According to another characteristic of the invention, the round wads cut out of the fleece have a longitudinal strength which is between 12 and 20 Newtons.
According to another feature of the invention, the round wads cut out from the fleece have a transverse resistance which is between 10 and 15 Newtons.
According to another feature of the invention, the round wads cut out from the fleece have a tearing strength in the direction of the thickness which is between 3 and 4 Newtons.
The properties of the fleece and the round wads according to the invention will be studied in the following paragraphs.
The hydrualic tufting to which the fleece wound in rolls is subjected during the boiling and whitening treatments in the autoclave makes the cohesion of the fibres much greater than in the case of the prior art processes. This cohesion quite obviously involves an increase in the apparent density of the fleece in accordance with the present invention, or of the round wads cut off from this fleece: this property can be observed by simply touching these round wads. It can be demonstrated in a more precise manner by means of a standard test in the field of quilting which is known as the "micronaire" test, in which a given weight of cotton, more particularly 5 grammes, (corresponding to several round wads) is placed in a receptacle provided on the apparatus, and a current of air produced by a vacuum pump is passed through this. The difference in pressure between the air upstream from the cotton and the air downstream is then measured. The value of the differential pressure that is found, which is generally measured on the basis of the weight of a column water, varies with the permeability of the fleece of cotton in question to air, and consequently varies with the apparent density. It is in fact obvious that the permeability to air is less when the apparent density of the cotton is greater.
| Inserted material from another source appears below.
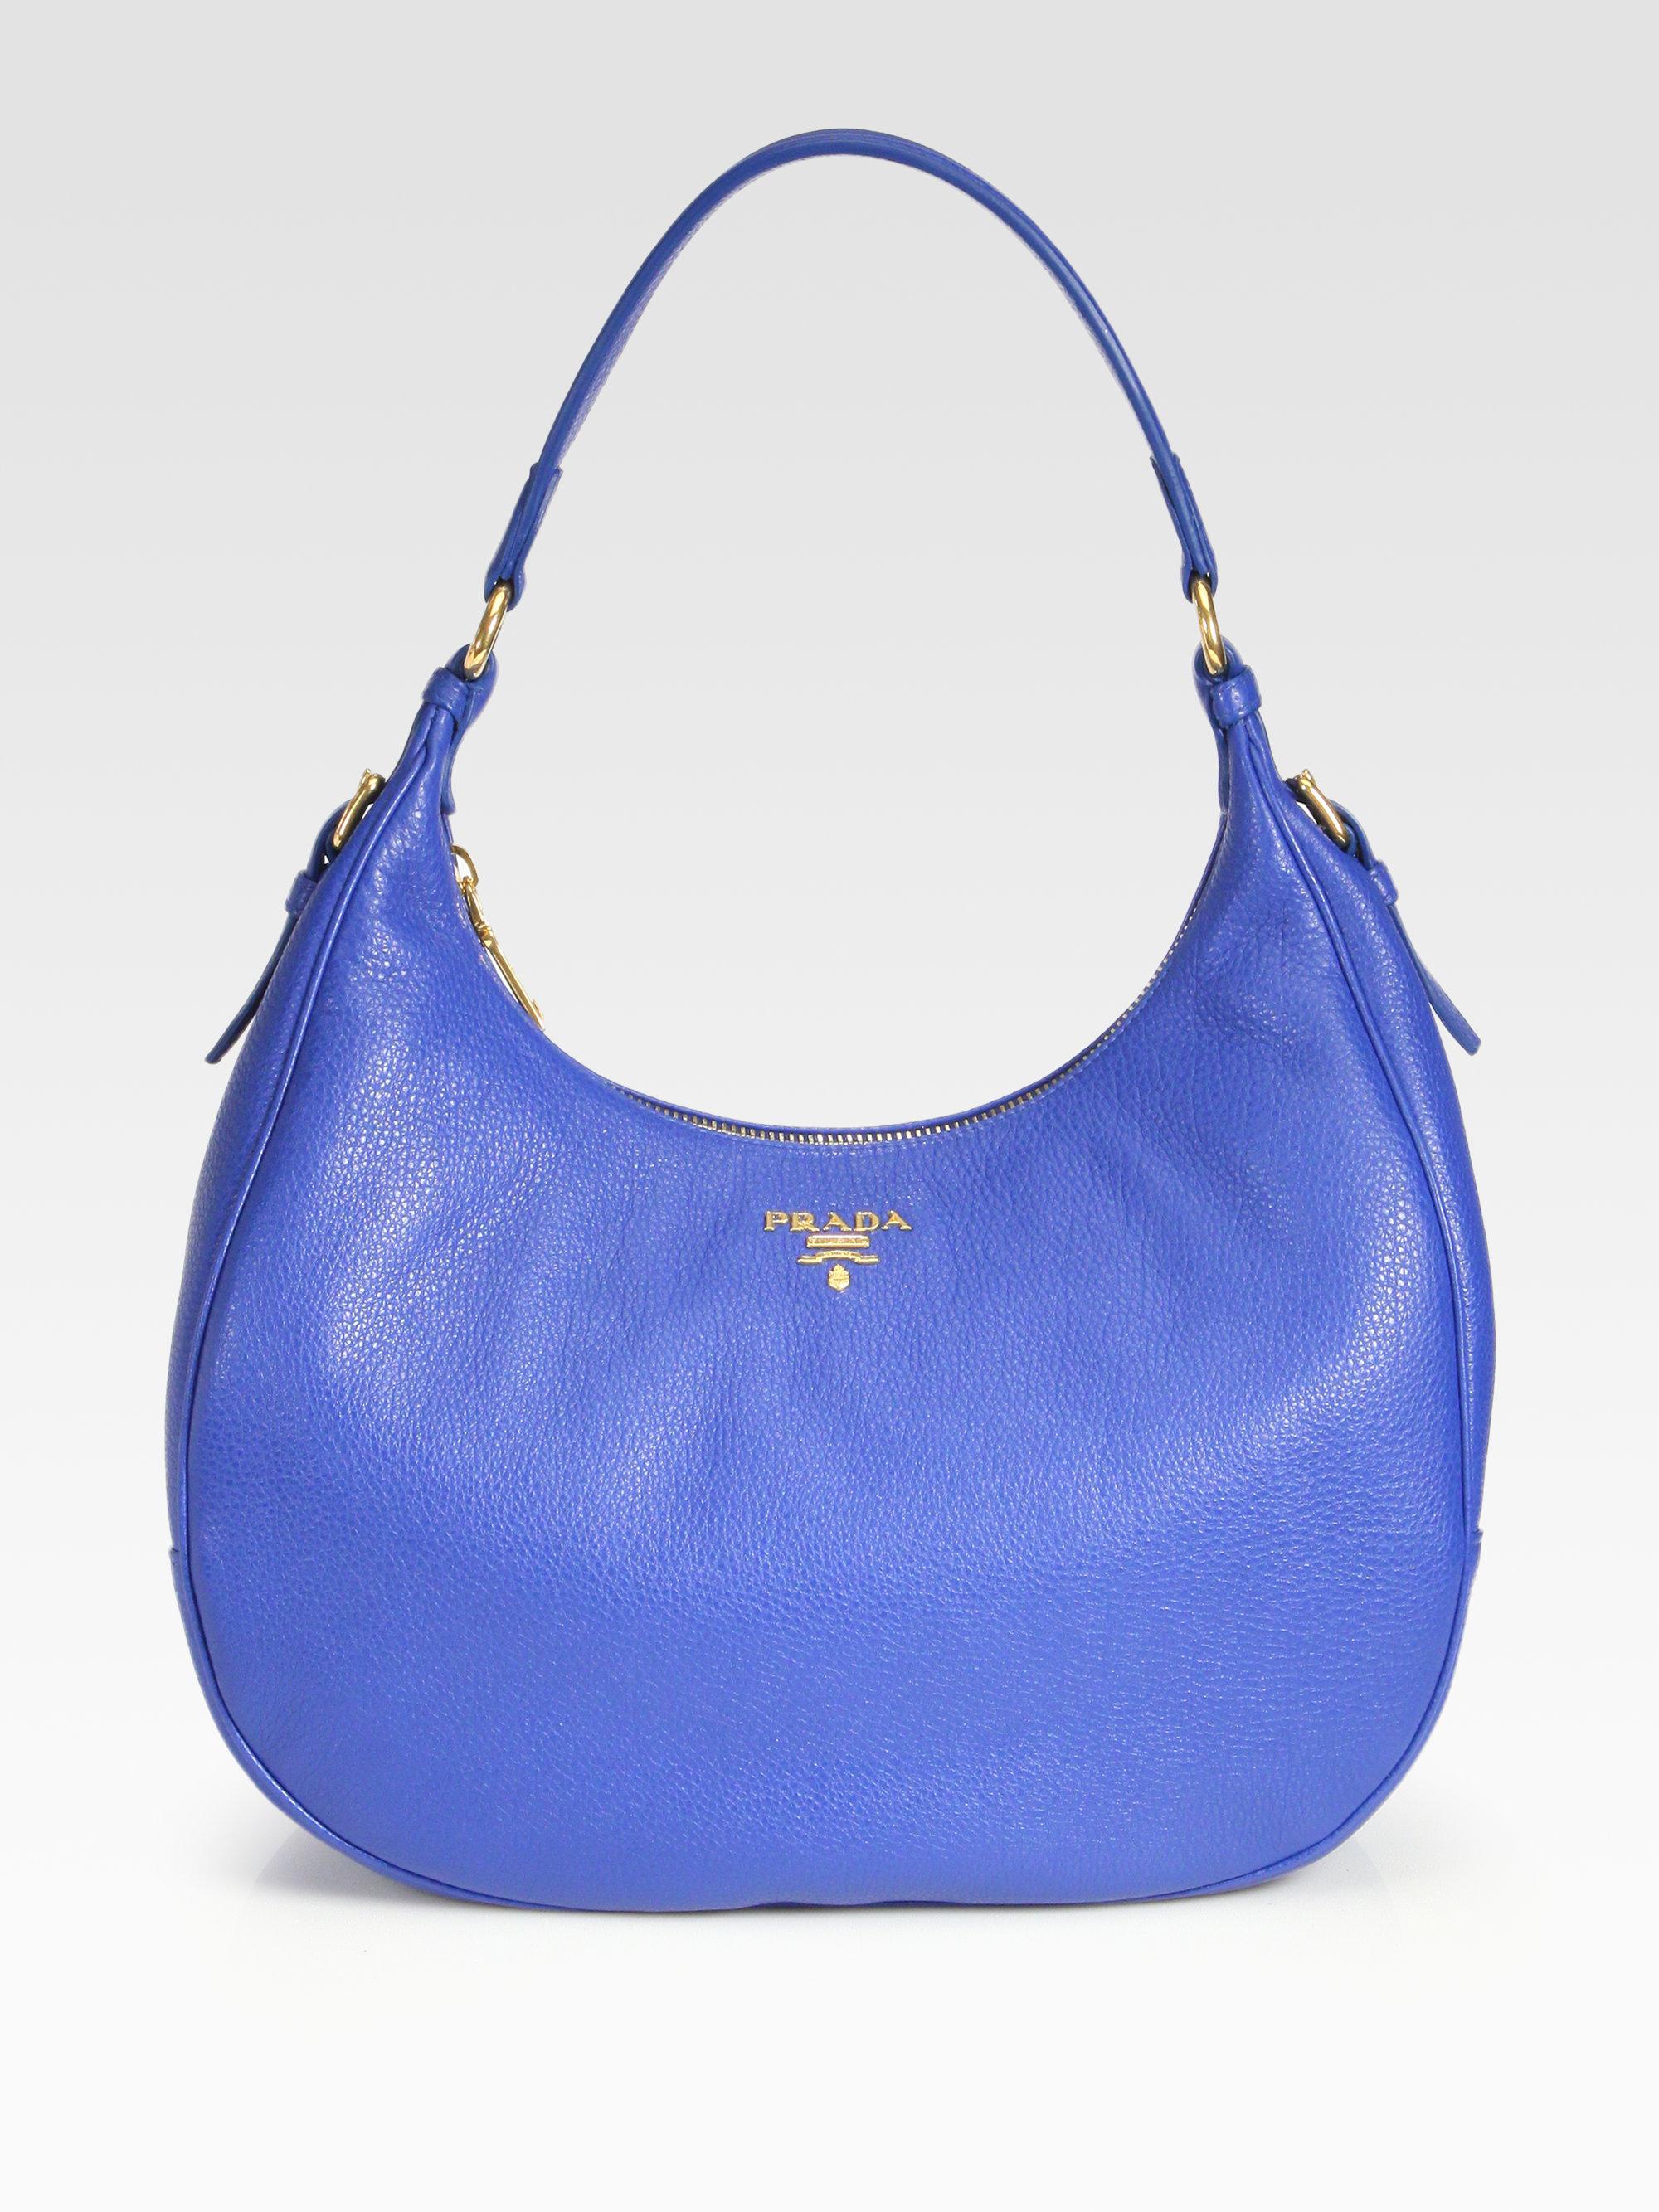 prada handbags for less - Prada Daino Hobo in Blue (azzurro-blue) | Lyst

A micronaire apparatus of this kind was used for comparing the air-permeability of round wads of cotton obtained in accordance with the method to which this invention relates, with the air-permeability of round wads of cotton having the same weight and obtained in accordance with prior art methods (specimens 2, 3, 4 and 5). The results obtained, each of which corresponds to a means of results observed with specimens obtained by identical processes, are collected in Appendix 1. The apparatus used was graduated in such a manner that the value read on the column, at the right, was greater when the permeability to air was less and, therefore, when the density was greater. This table therefore clearly shows that the apparent density of the round wads obtained in accordance with the method to which the invention relates (specimen 1) is clearly higher than that of the specimens obtained by carrying the methods according to the prior art into effect (specimens 2, 3, 4 and 5).
This greater density and therefore this better cohesion of the cotton fleece obtained by carrying into effect the method to which the present invention relates, or of the pieces, particularly round wads, cut out from this fleece, also implies greater firmness than that of the round wads in accordance with the prior art. Various experiments, of which the results are assembled hereunder, have been carried out to demonstrate this firmness.
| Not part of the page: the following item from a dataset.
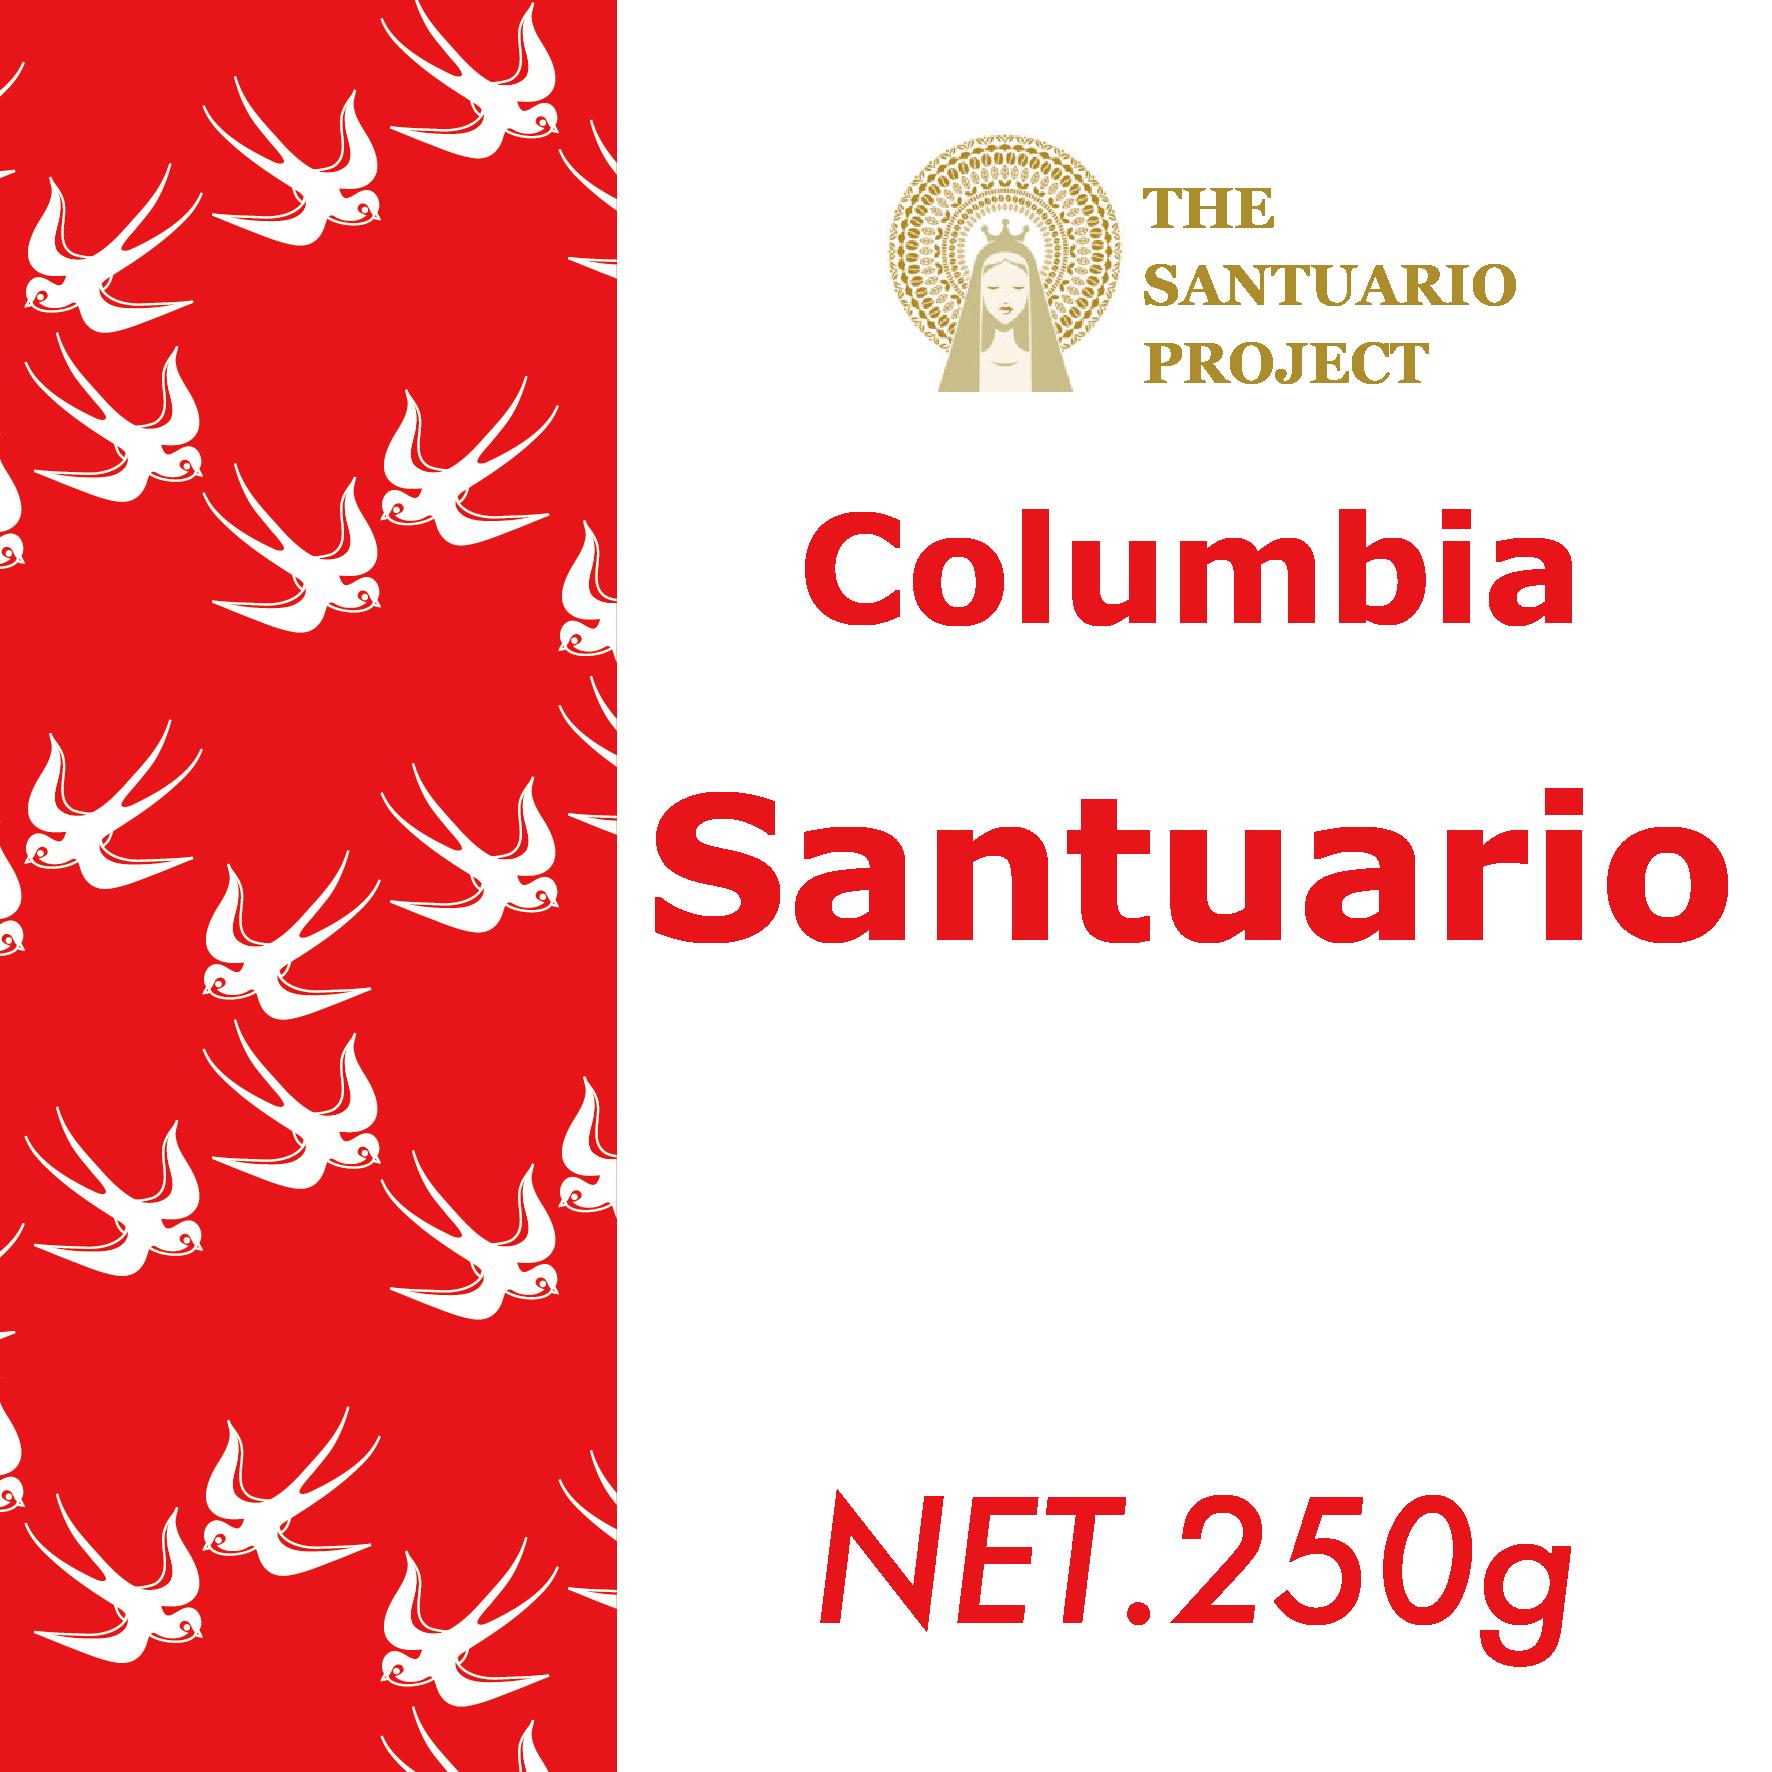 250g コロンビア・サントゥアリオ農園

This study, too, was carried out with similar specimens approximately equal to one another in diameter. An apparatus referred to as dynamometric was used. The disc to be studied was clamped between two jaws of this dynamometer and these (sic) were moved apart little by little. For each specimen we measured the force corresponding to maximum elongation of the disc, that is to say the elongation at which the force begins to decrease, which corresponds to commencement of breakage of the specimen.
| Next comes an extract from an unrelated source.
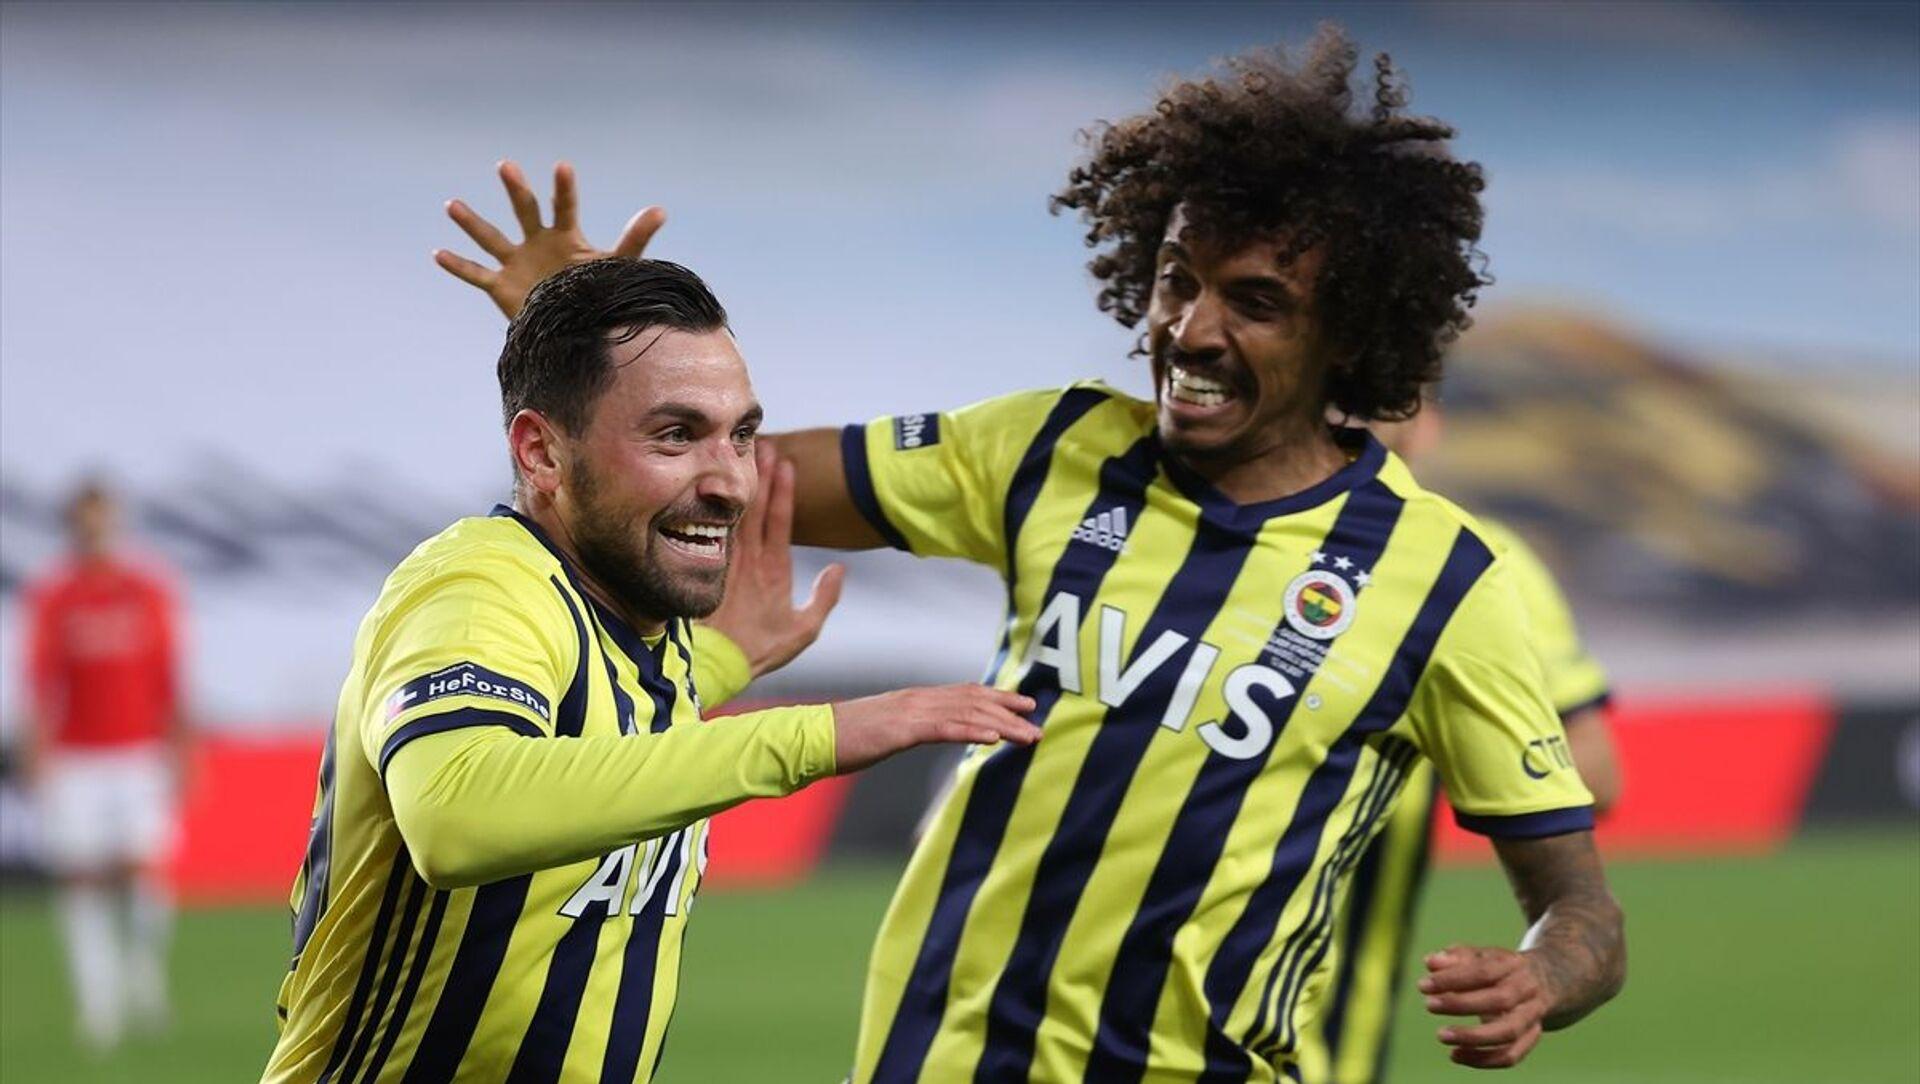 Fenerbahçe - Gaziantep - Sputnik Türkiye, 1920, 13.04.2021

We were able to establish that for certain specimens, more particularly those in accordance with the prior art, there were great differences between the forces measured in the direction of the machine or direction of the fibres F, and in the direction i at right angles to this. For each specimen group corresponding to a commercial product, therefore, we measured the force F in the direction of the machine and the force in the transverse direction i.
The resultats obtained are assembled in the table appearing in Appendix 2. For each group of specimens (Specimen 1 corresponds to the product obtained by carrying the method according to the invention into effect, whereas Specimens 2, 3, 4 and 5 correspond to prior art processes) we made several measurements and calculated the mean values.
This table shows clearly the difference between the cohesion of Specimen No. 1 which corresponds to round wads made in accordance with the employment of the method according to the invention, and Specimens 2, 3, 4 and 5 which correspond to round wads in accordance with the method of the prior art. It is to be noted that according to the invention there is a high value of the resistance to stretching both in the machine direction and in the transverse direction. This resistance is always clearly greater than that measured in the case of Specimens 2, 3, 4 and 5. The variations observed in the case of these specimens, and, in particular, the variations of the differences of the values in the machine direction and in the transverse direction, represent the isotropy of the round wads. It is clear that the effect of hydraulic tufting obtained, in accordance with the invention, in the course of boiling and bleaching, greatly incresses the cohesion of the fleece, and does this in all directions, which is the normal result in view of the fact that this is a treatment in volume of the turns of fleeces wound round the perforated cylinder, and this takes place without any favoured direction.
Appendix 2 also shows the values of the elongations corresponding to drawing with a force similar to that studied above. These maximum elongations corresponding to the commencement of breakage confirm the result observed above, that is to say that the cohesion of the fleece obtained in conformity with the process according to the invention is clearly greater than that of the fleeces obtained in conformity, with the employment of the processes of the prior art, and this is true both in the direction of the machine and also in the transverse direction.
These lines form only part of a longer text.